Quick tells Romper that time frames for name changes vary depending on where you live, so it’s important to speak with an attorney or your local authorities to see what the rules and regulations are. “In states such as North Carolina, a person is entitled to one birth name change in their lifetime. This gives parents the ability to change their baby/minor child’s name until the child is 18 years old,” Quick explains. “Similarly, some states have rules that require the child’s consent for a parent to change their name after a certain age.”

To avoid potential complications, you’ll want to make moves to change your baby’s name as soon as you realize that you want them to have a different legal moniker. “Generally speaking, if you are planning to change your child’s name, the sooner the better,” says Quick. “It will make things easier in the long run and will help you avoid complicating personal and legal issues in the future for both you and your child.”

What Happens After You Change Your Baby’s Name?

If you follow all of the rules and regulations for your state and complete a proper name change when your child is still a baby, there really shouldn’t be anything to worry about as time goes on. However, there could be repercussions later in life if the name change isn’t done properly or if you wait years to make everything legal.

“Other than a long list of aliases that will have to be listed on applications, a name change requires collateral documentation to also be changed to reflect the new name, such as Social Security cards and identification,” Quick tells Romper. “The older the child, the more documents there are to be changed.
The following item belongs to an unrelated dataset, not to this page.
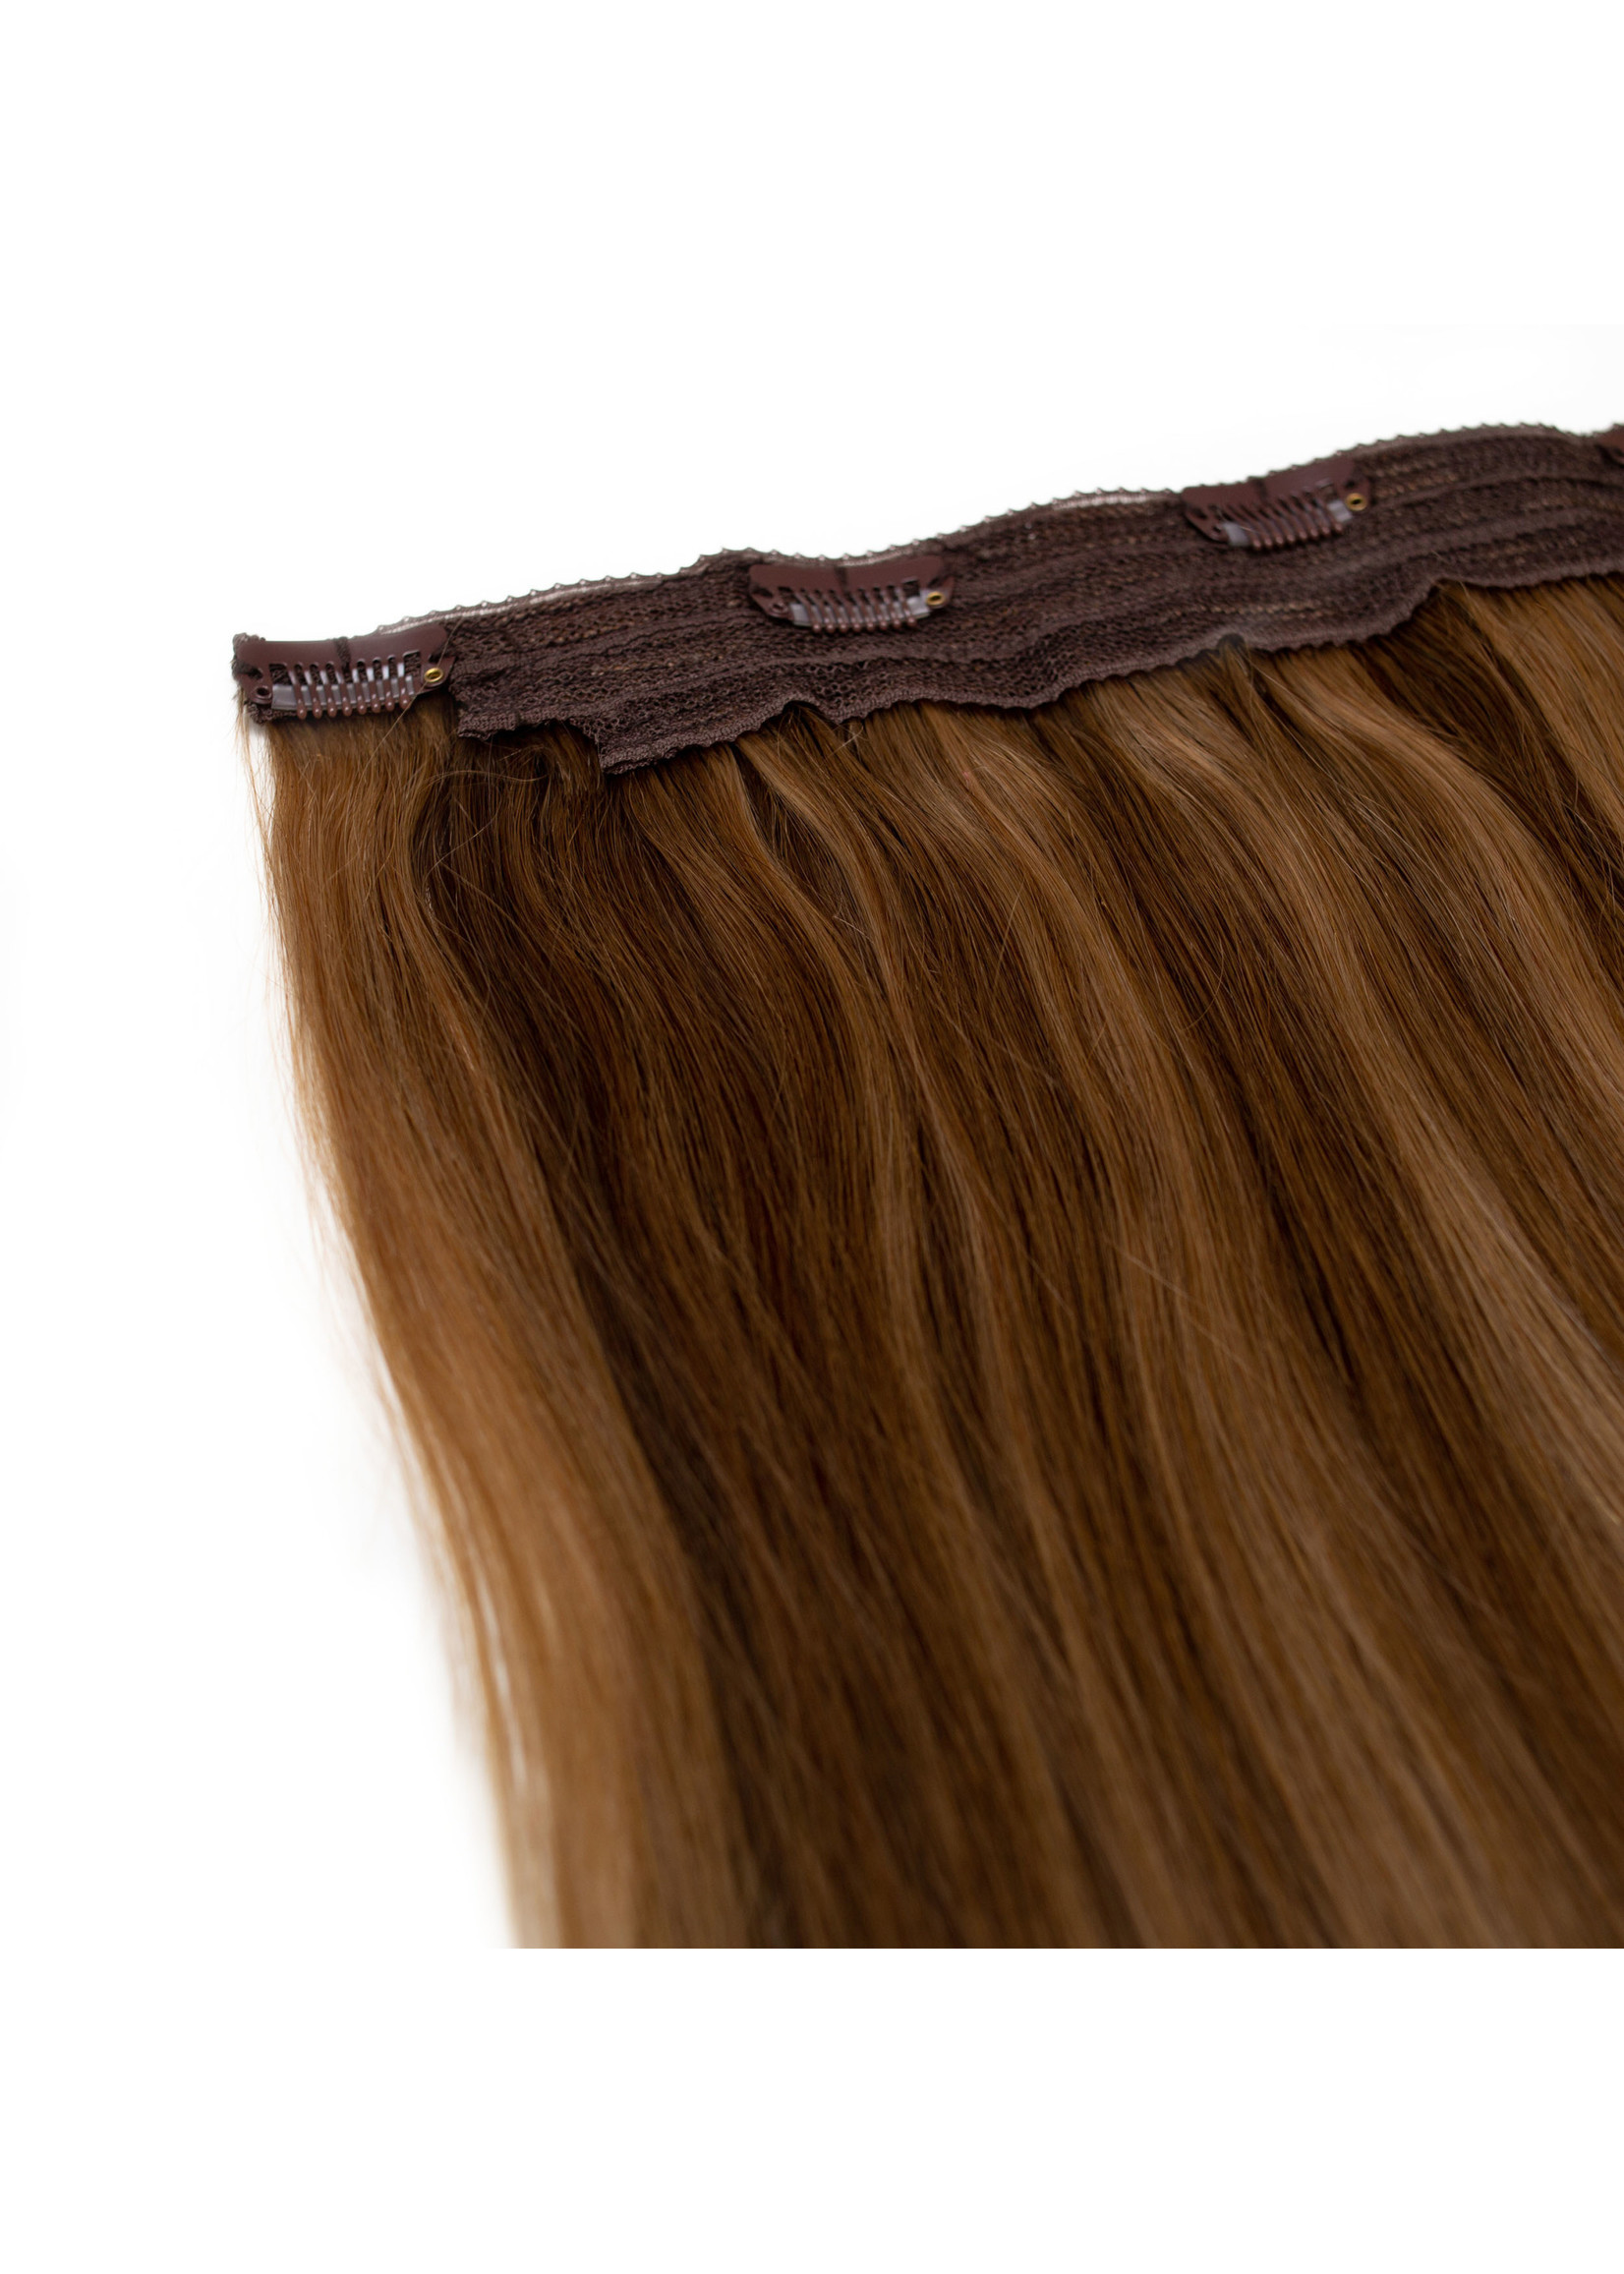 Seamless1 Seamless1 Fibre Clip-in Hair Extensions 22 Inches - Caramel Blend

It’s not just the big things, it’s all the small things people don’t always think about — bank accounts, driver’s license, insurance policies, passports, school records, and anything else that requires a legal name.”

When traveling abroad, registering for school, or doing anything else where your baby’s legal name will need to be verified, their name change can become an issue if it’s not done properly. But, if you follow each step of the process carefully, you can absolutely change your little one’s name in those early days of babyhood without complication.